# Activity:
Repeat only the lines below from the one that contains "Capa do livro: HISTÓRIA" through the final line, exactly. Omit pictures.

# Information supplied:

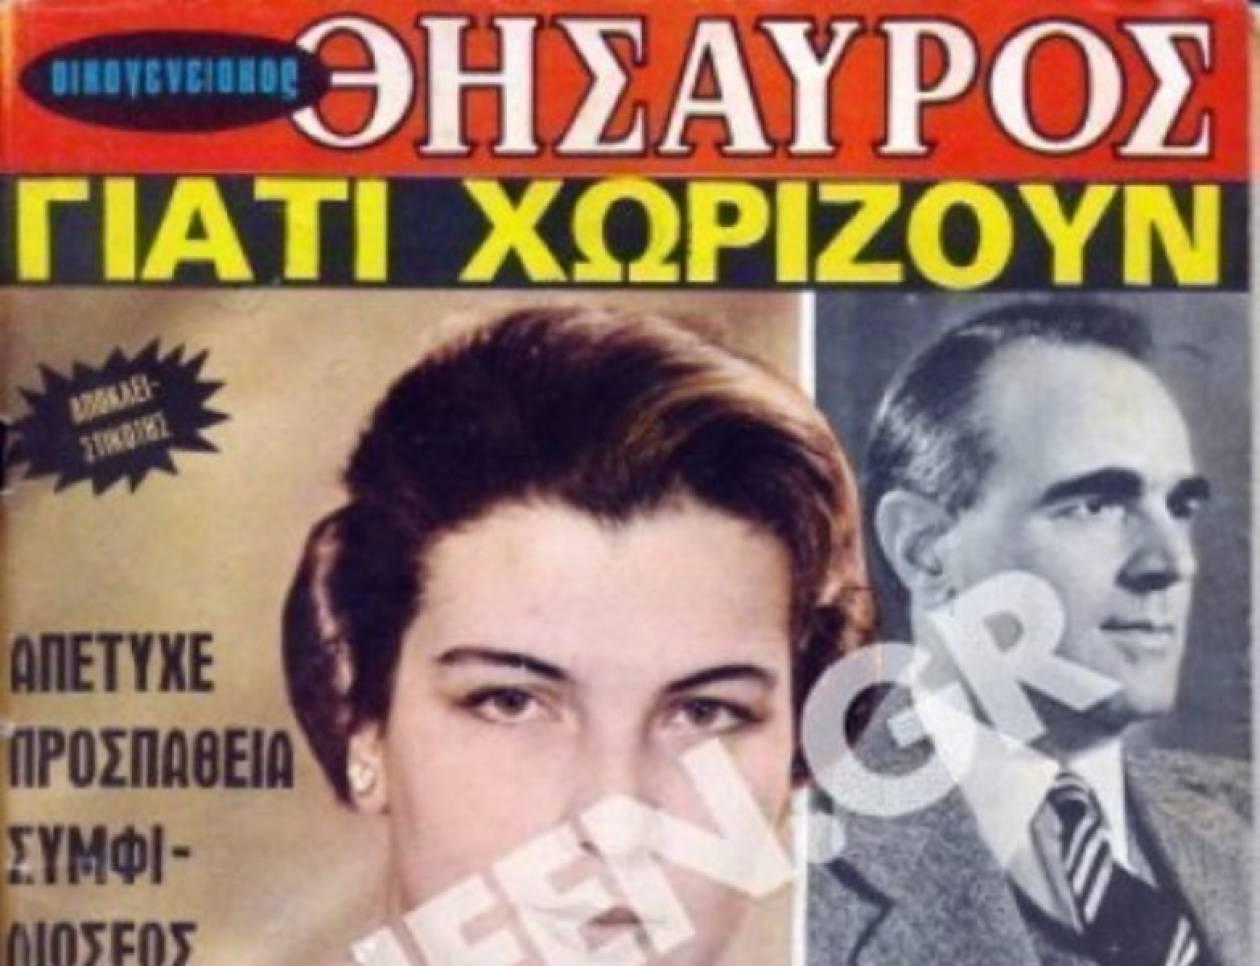 Το διαζύγιο του Κων/νου Καραμανλή που συντάραξε την κοσμική Αθήνα
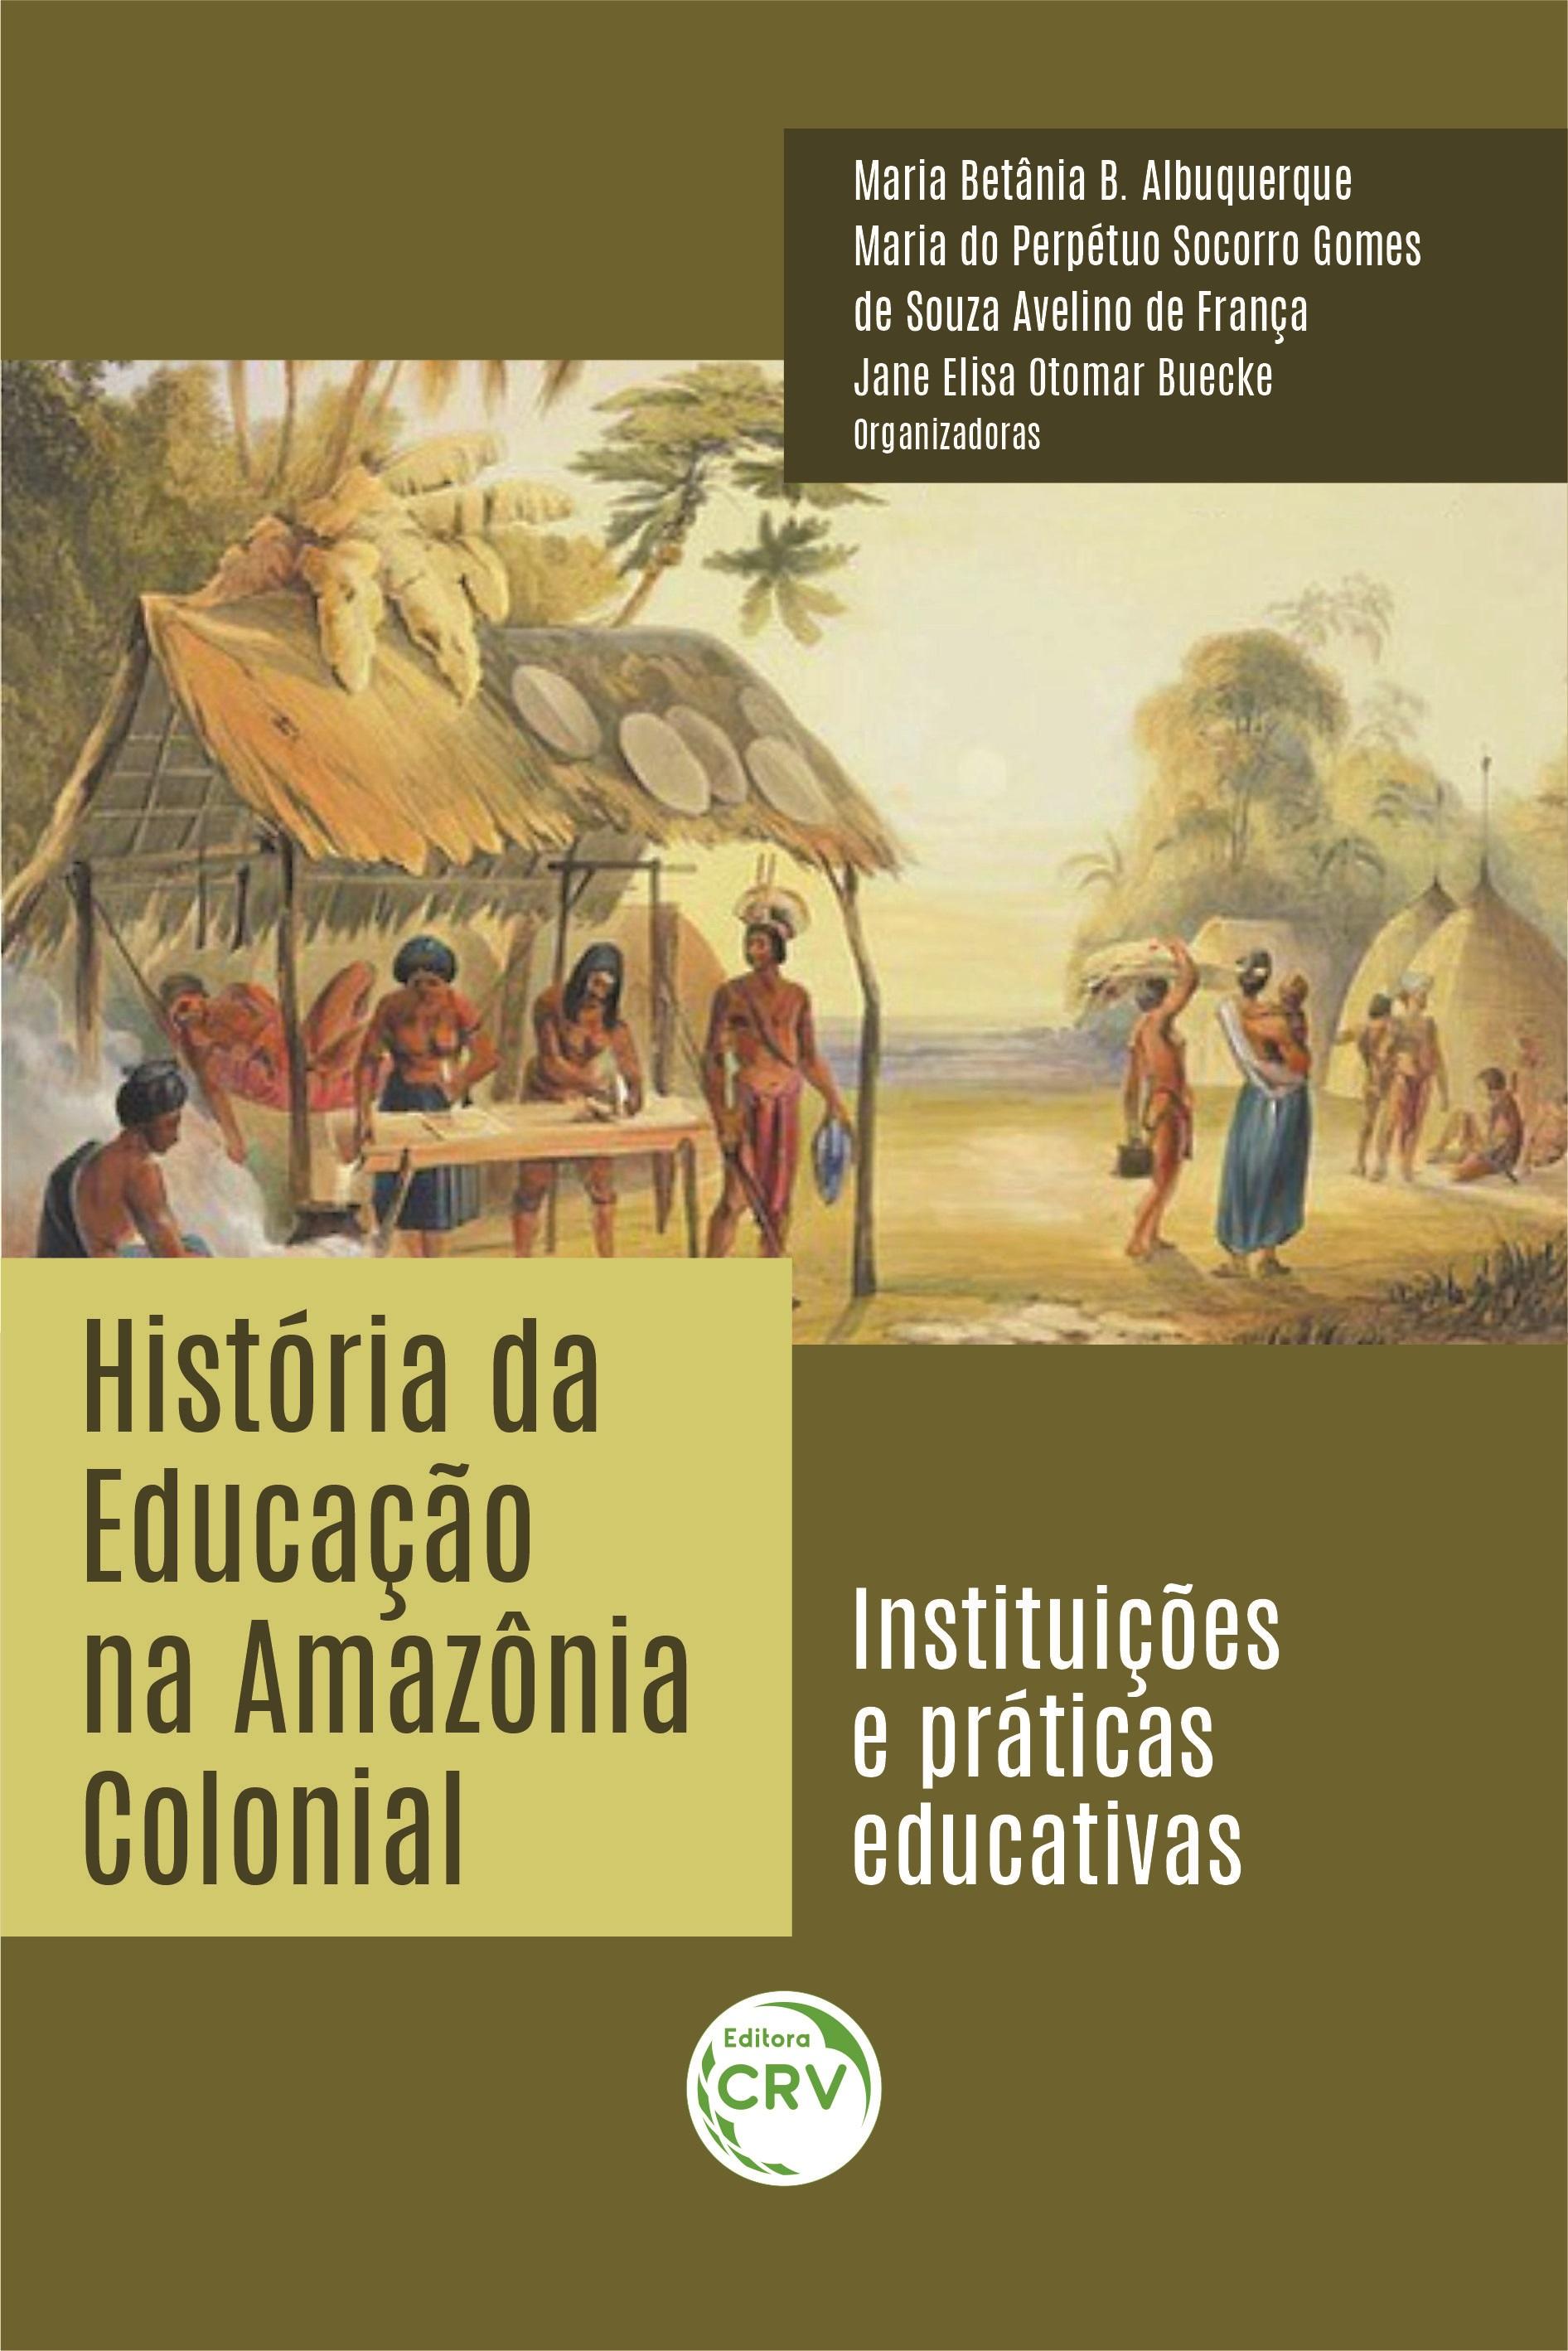 Capa do livro: HISTÓRIA DA EDUCAÇÃO NA AMAZÔNIA COLONIAL:<br> instituições e práticas educativas
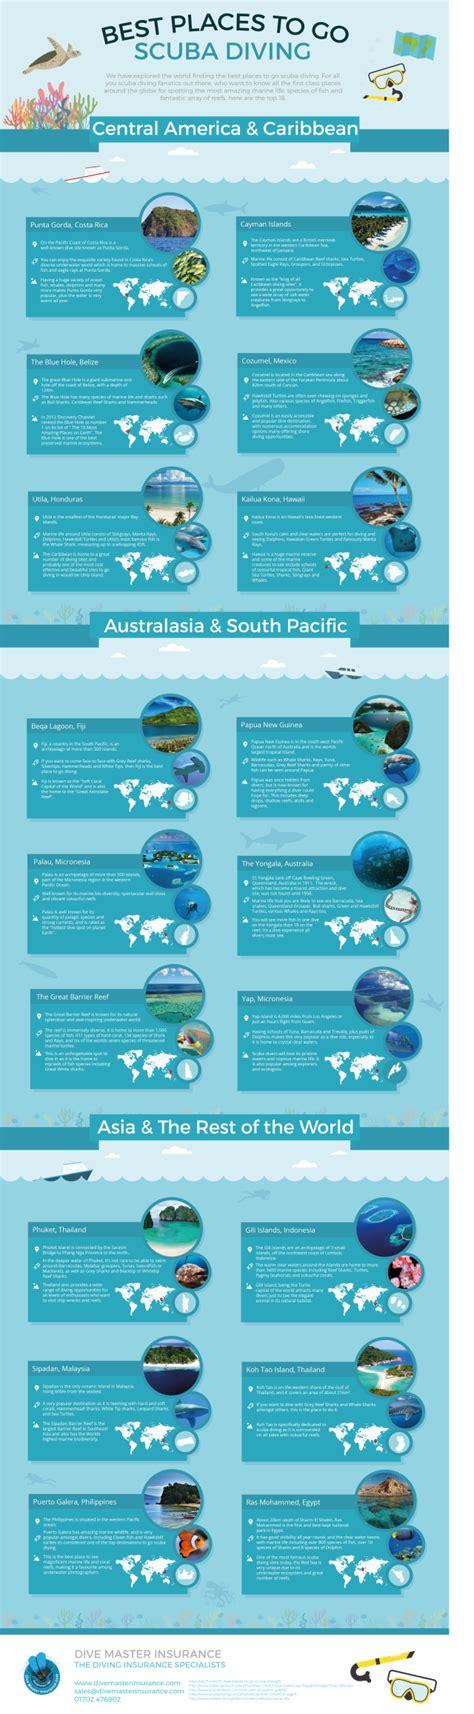 Best Place To Scuba Dive - best places to go scuba diving adventure mummy
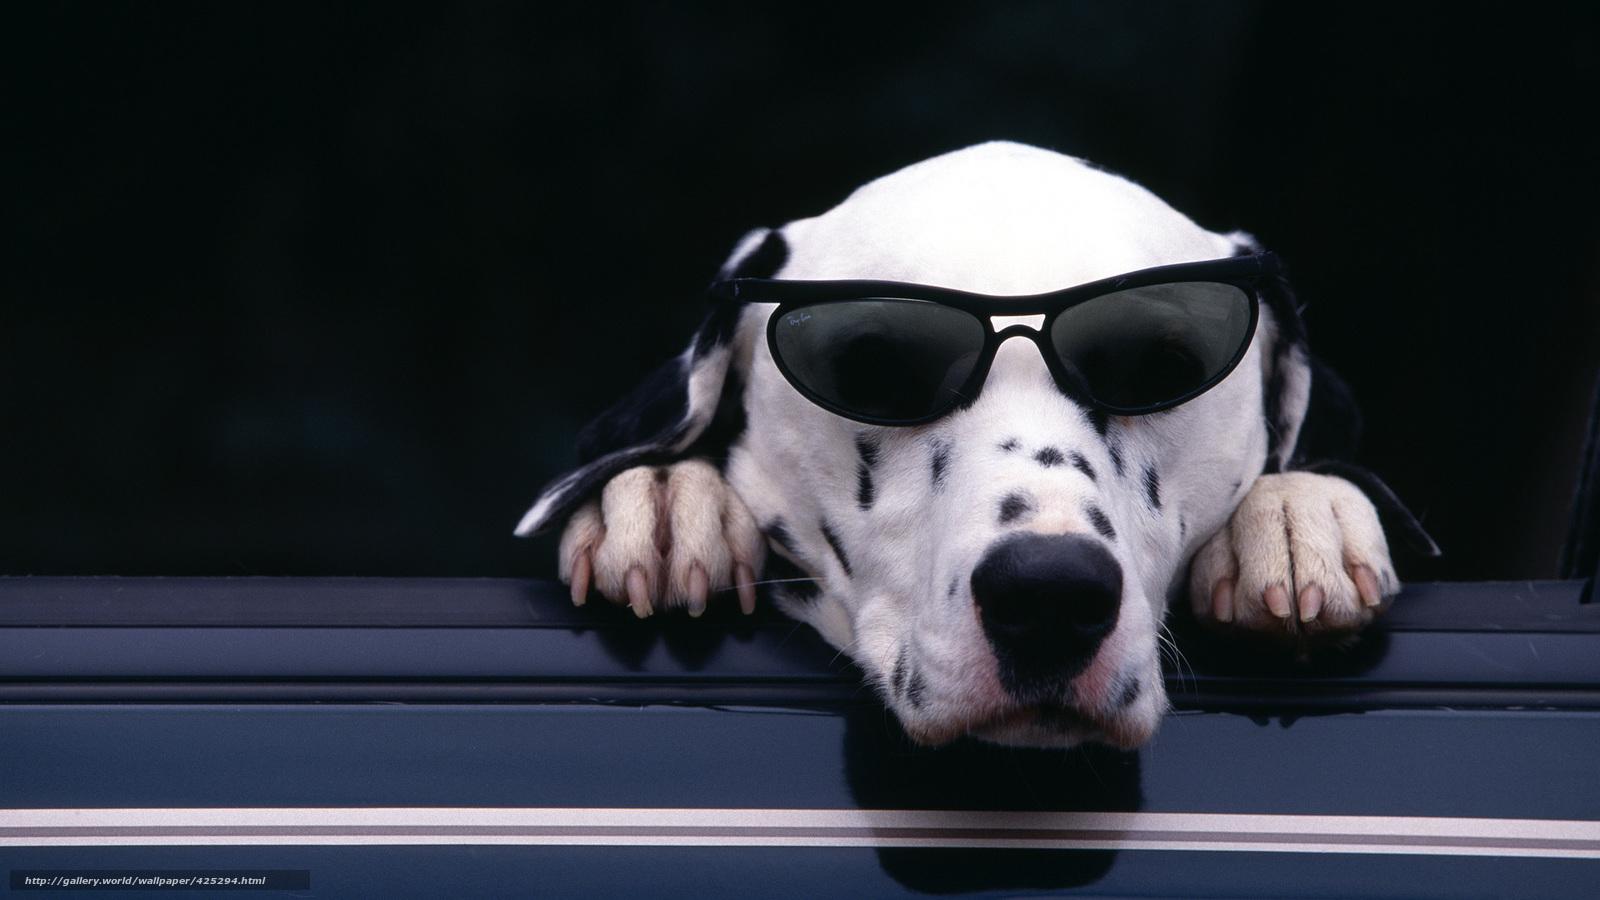 下载壁纸 达尔马提亚, 狗, 墨镜, 可爱 免费为您的桌面分辨率的壁纸
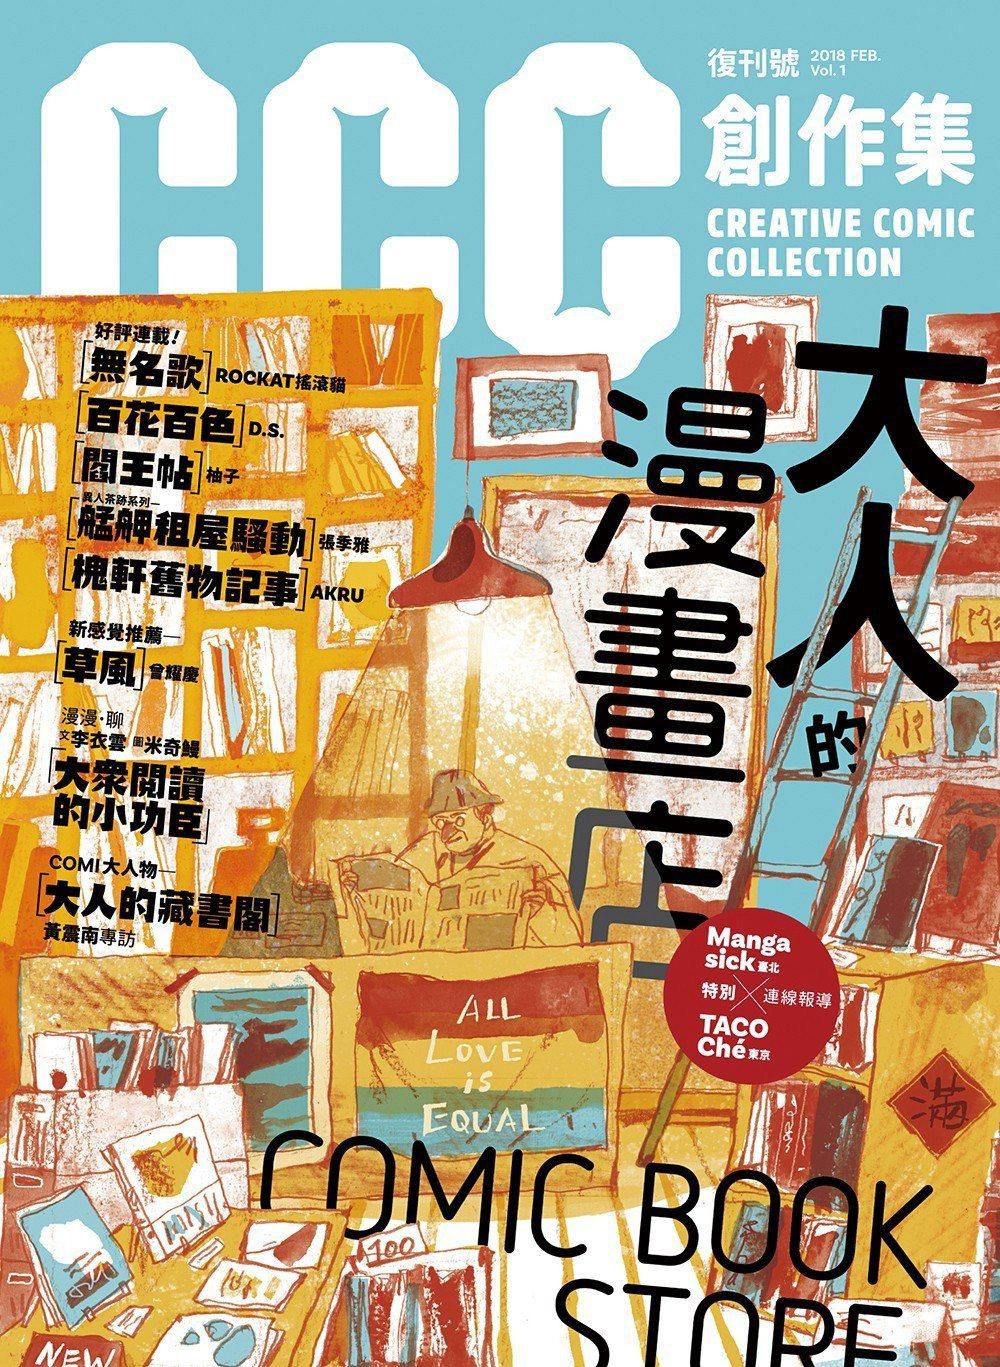 《CCC創作集》復刊號,以「大人的漫畫店」為題,內容含括漫畫書店介紹、藏書家黃震...

# Result of the task:
 Capa do livro: HISTÓRIA DA EDUCAÇÃO NA AMAZÔNIA COLONIAL:<br> instituições e práticas educativas
 Best Place To Scuba Dive - best places to go scuba diving adventure mummy
 下载壁纸 达尔马提亚, 狗, 墨镜, 可爱 免费为您的桌面分辨率的壁纸
 《CCC創作集》復刊號,以「大人的漫畫店」為題,內容含括漫畫書店介紹、藏書家黃震...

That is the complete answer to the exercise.